To Williams, whose father had been an amateur carpenter, restoring an old house seemed the ideal solution. "I always had that itch," she says. Murray wasn't so sure. "I told him I was going to look for a farmhouse," Williams recalls. "One day I came back and said, 'I found one,' and he said, 'One what?' I had to convince him it was a good thing."
They paid $80,000 for the three-bedroom house on 102 acres, and before long Murray was cheerfully helping his wife construct a sitting room and a new kitchen. "I had trepidations," says Murray, 78, "but it worked out." Thanks mostly to Laurine's diligence. "I did a great deal of studying," she says. "The workmen down here were amazed at what I knew."

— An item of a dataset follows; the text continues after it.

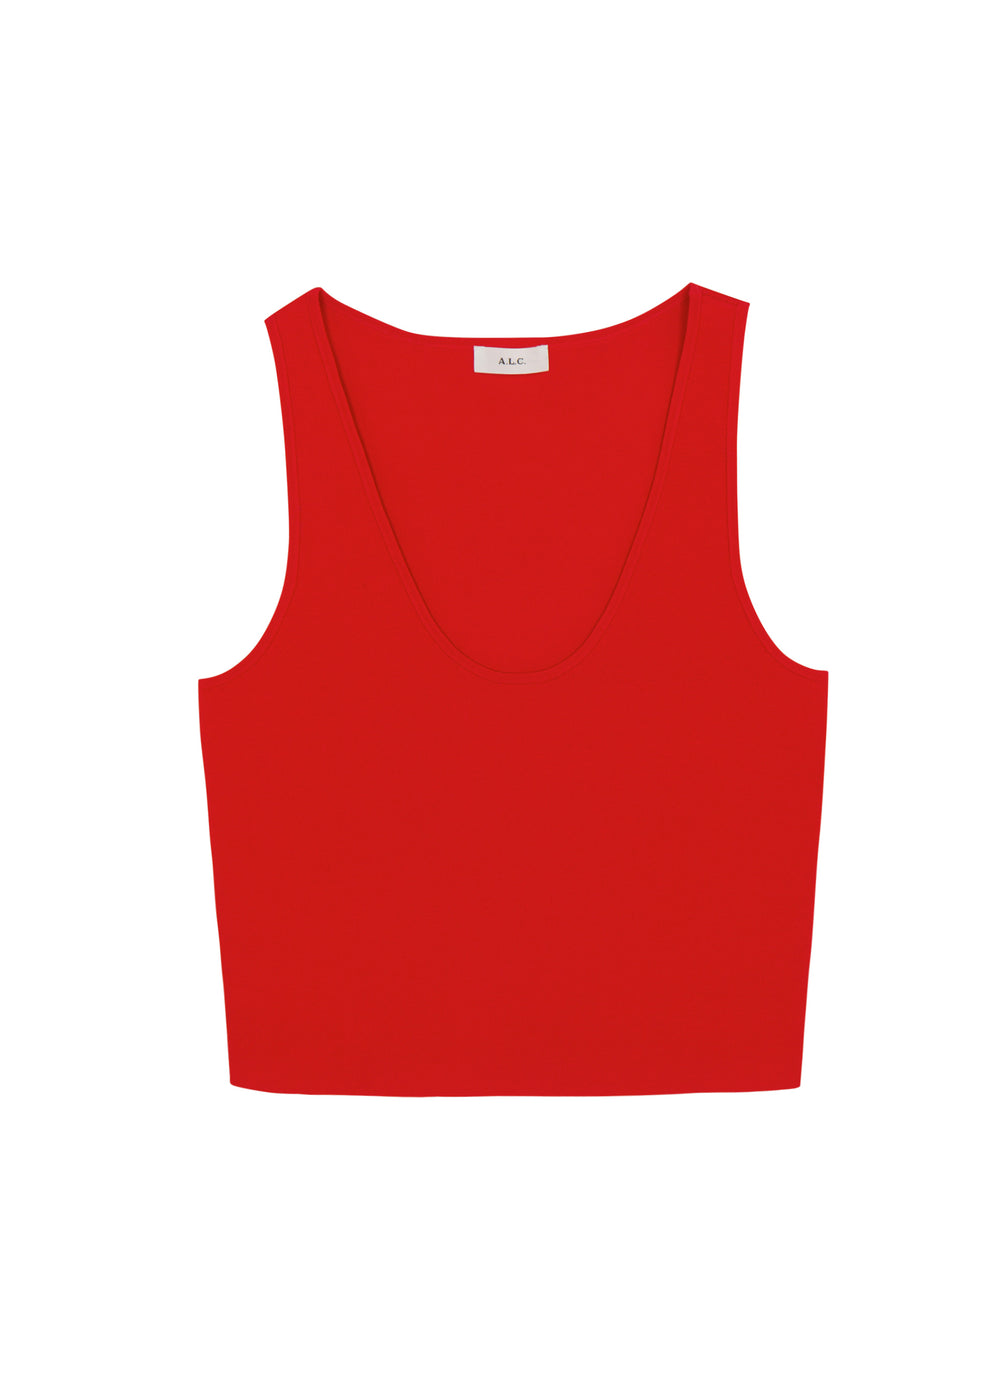 flatlay of red sleeveless top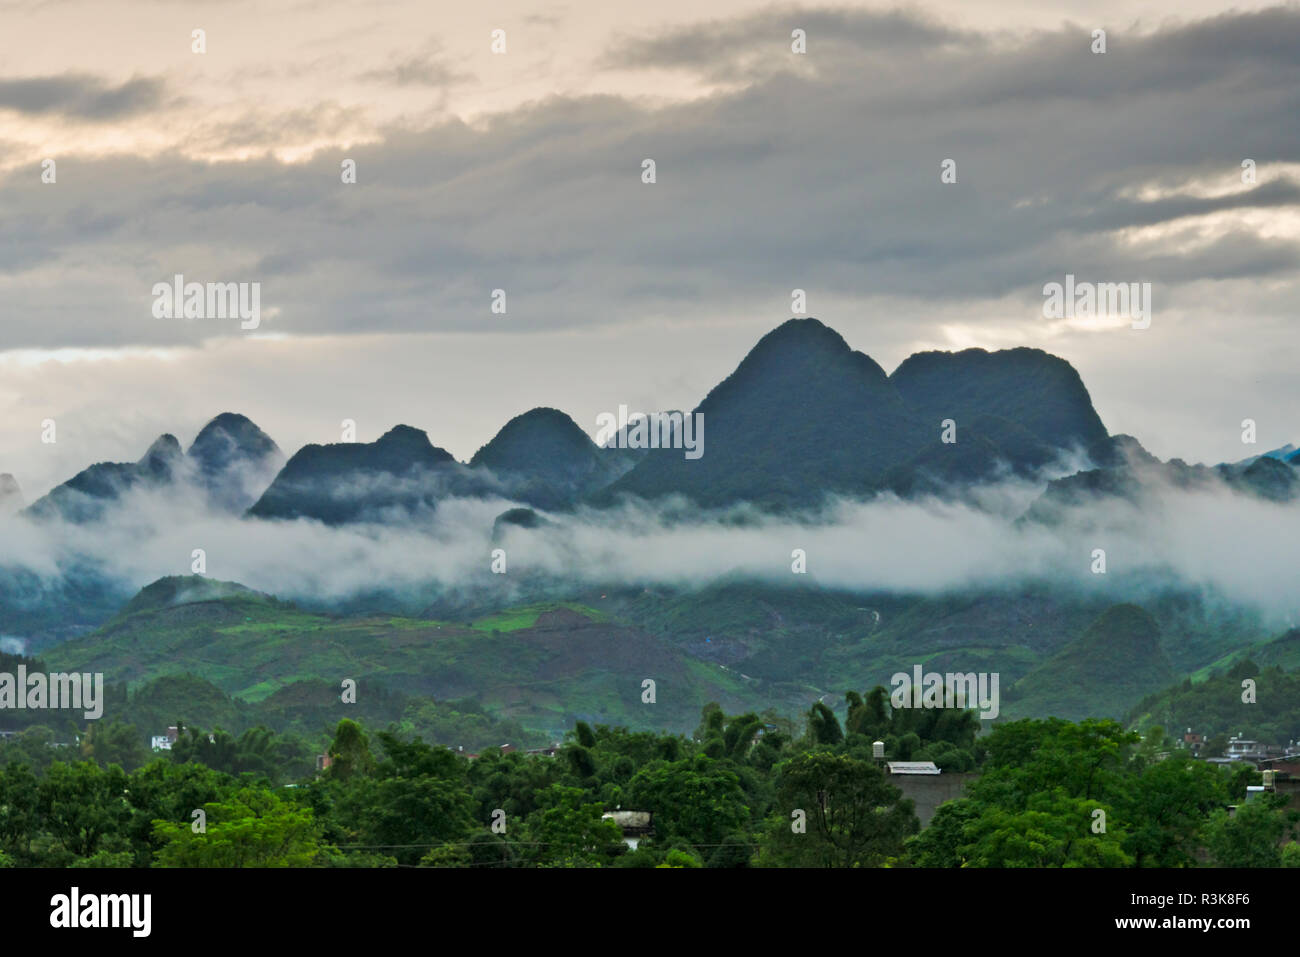 Limestone hills in mist, Xingping, Yangshuo, China Stock Photo

Williams was aware that the house where she and Murray moved for good in 1986 sat above the Pittsburgh seam, one of the nation's largest coal reserves. But state law forbade mining under houses built before 1966, and when the law changed in 1994, she didn't take much notice. "I was involved in genealogical research at the time," she says. "When I'm in with something, I'm in with both feet."
She won't get many arguments there. Taking up the anti-long-wall crusade in '97, Williams succeeded in delaying the undermining of her house for months by having it listed with the National Register of Historic Places. RAG Emerald was able to proceed but was forced to take special preventive measures. Spokesman Mike Rounds has been impressed with Laurine's zeal: "She's an articulate and energetic lady. She's doing what she feels she has to do."
Even with increasing support she will have an uphill battle. "Long wall is a highly efficient system," says Rounds, noting that 540,000 tons of coal—enough to provide a small city with electricity for 10 years—was recovered from the Williamses' 102 acres in just one day. What's more, says Wyona Coleman, president of the Tri-State Citizens Mining Network, "we have an Administration that's been very friendly with the mining industry. But light on the subject will help sway opinion."
Meanwhile, Laurine and Murray are waiting for RAG Emerald to begin repairs on their home. Other family members are waiting too. "That house is where we go for the holidays," says the Williamses' daughter Diane Aussman, 49, a homemaker. "We sing around the piano, take walks. We haven't been able to do that for a while." Worse still, she says, her mother's crusade "has taken a toll on my parents. We can't even get her to take a vacation." That's not likely to change anytime soon.